Sunday, June 19, 2011

a broken window

a broken window,
a water-stained cardboard box,
up pointing sideways

Walking down the alley between the courthouse and the square, my eye gets caught by the word "up" and the arrow pointing not up but sideways, in the direction I am walking. I stop and stare for a long time. A broken window in an alley, not so surprising. A piece of a cardboard box used to seal the broken window, not unusual. But there is something intriguing about the whole scene. The circular pattern of the break in the shatterproof glass suggests a rock thrown at the window. To what purpose? A prank, an attempt at entry? Rather than repair the window, someone taped a piece of cardboard over the glass.
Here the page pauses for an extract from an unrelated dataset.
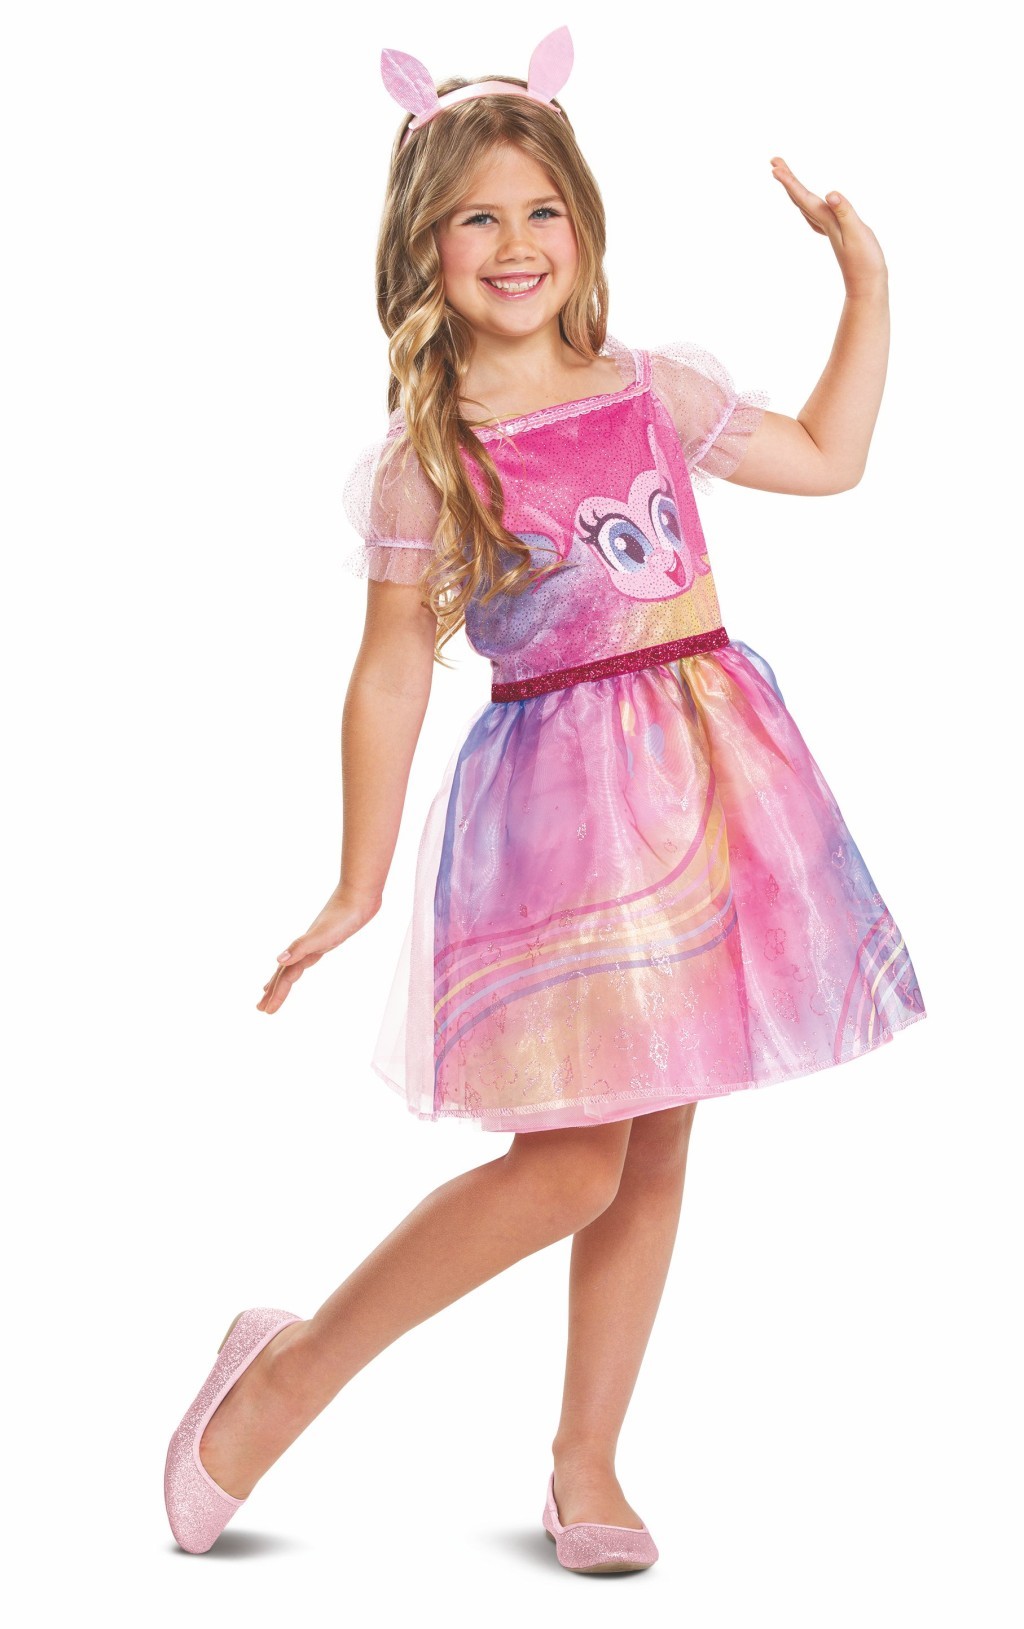 Epee Dětský kostým My Little Pony - Pinkie Pie Velikost - děti: M

The function of a window is to let light in and allow a view out, but now the light and the view are blocked. From the rain stains on the cardboard, it appears that the window has been broken for a long time. Perhaps the room behind the window is a storage room and no one cares about a view of the alley or natural light. The usual function of a box is a container, an empty hole to be filled, but this box has been flattened, its emptiness collapsed and its surface converted to a different purpose. The function of the word "up" and the arrow gives notice of how the box should be properly oriented. Now the arrow points sideways and the word "up" is lying on its side. But no one cares whether a box converted to a cover is properly oriented. The whole picture looks like something you might see in a museum of modern art, the elegant brown scrawl of the rain stain, the radiating lines of shattered glass and the ambiguity of the word "up."